Student workers endure labor shortage


At Graeter’s Ice Cream, senior Julia Bejm (left) works during her Friday shift. The hospitality industry has been the industry most heavily affected by the worker shortage caused by the COVID-19 pandemic. Photo by Alex Garibashvily

During one of her Sunday morning shifts as a Starbucks barista, senior Peyton Reisman had to turn away two disappointed customers because they were trying to order by walking through the drive-thru line. At the time, the inside cafe was closed because the store was short-staffed. Like other students, Reisman has experienced many impacts of the current worker shortage caused by the pandemic.

“I was scheduled to work 25 hours a week during finals week [last June].

“We were super understaffed, so my boss really needed the coverage, but trying to balance 25 hours of work and studying for finals was incredibly difficult,” Reisman said.  

Timothy Bond, associate professor of economics at Purdue University, said in a video conference that the labor force employment rate is approximately two percent lower than it was prior to the pandemic, and the hospitality industry is facing the largest number of job vacancies. 

Employees are certainly working more and taking on more responsibilities because there are less workers, Bond said. 

According to senior Brooke Waltenburg, she experiences the effects of the labor shortage while working at Francesca’s North. 

Waltenburg has been a hostess at the restaurant for over two years and worked two days per week prior to the pandemic.
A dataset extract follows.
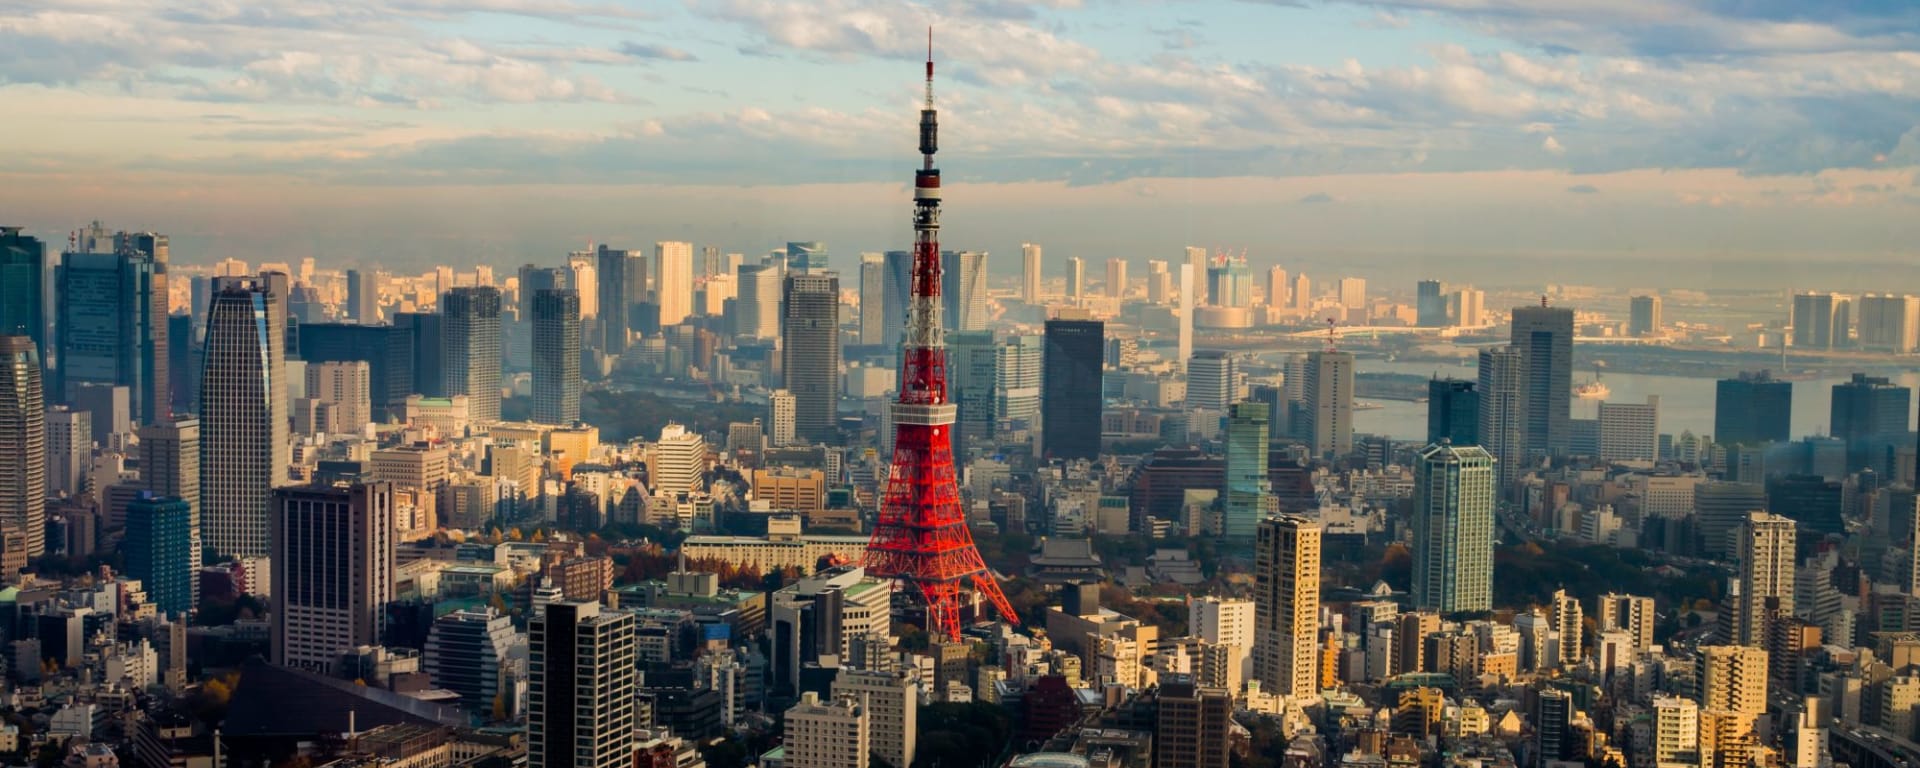 Leserreise Einzigartiges Japan ab Tokio: Tokyo: City view with Tower
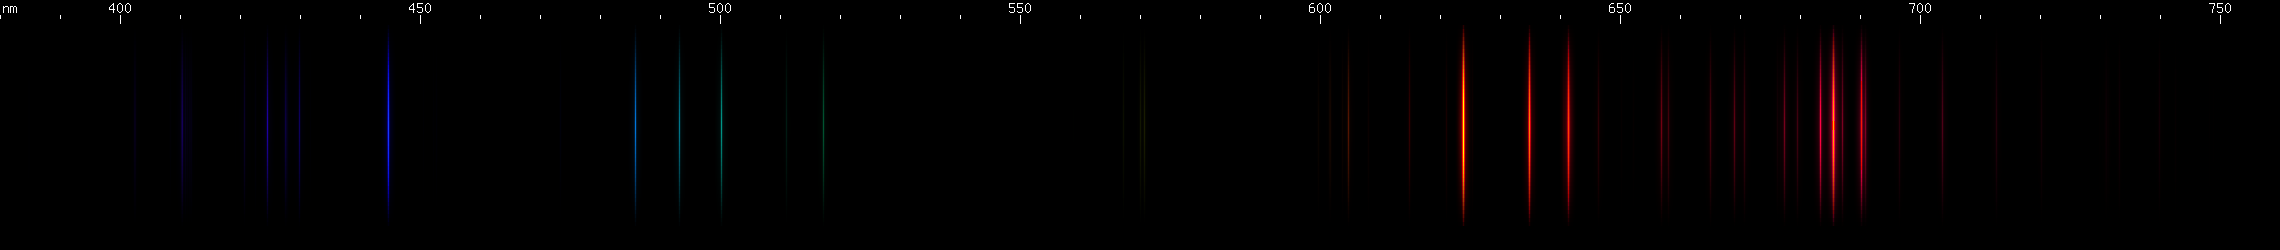 Spectral lines of Fluorine.

This year, she was asked to work four days per week.

“I feel like I’ve had to work a lot more than I wanted to, and I still have to figure out a time to do all my homework and college applications,” Waltenburg said.

James Pierce, general manager at Francesca’s North, said in a phone interview that he expected workers to return after the end of stimulus checks, but that did not happen.

Pritha Chaudhuri, assistant professor of economics at Hamilton College, said in a video conference that workers are shifting out of the hospitality industry and into jobs that better suit their needs and comfort levels with COVID-19. 

“A lot of new jobs are coming out … that people can do from home, so they can give more time to family,” said Chaudhuri. “I think in that case, just the entire [labor] market itself is kind of shifting in a different direction.”

According to Reisman, sometimes the only solution to the lack of workers is closing early because every employee has an important role in the store.

“One person makes a big difference,” said Reisman. “They are an entire spot. That one person could be taking care of [the] drive-thru, but if that one person isn’t there, then there’s no one to take care of [it].”

According to Bond, since many businesses were closed earlier on in the pandemic, consumers were spending less money. Now that businesses are reopening, the high demand from customers with available spending money is heightening the effects of the labor shortage in the hospitality industry.  

Some workers have returned to work in the hospitality industry, but it is not enough to maintain the high demand, Bond said. 

Senior Julia Bejm, a team leader at Graeter’s Ice Cream, said in a phone interview that throughout the summer of 2021, customers who were frustrated by changing COVID-19 restrictions were rude to Graeter’s staff, prompting many employees to quit. 

It was difficult scrambling with 10 to 12 staff members when there are usually about 20, but a lot of people were just fed up with the rude customers, so they quit, Bejm said.

According to Reisman, customers often question why lines are longer than usual or why their orders are not ready quicker.

“If I could make a general announcement to the public …  just be more understanding, especially during [COVID-19],” said Reisman. “So many businesses are struggling right now.”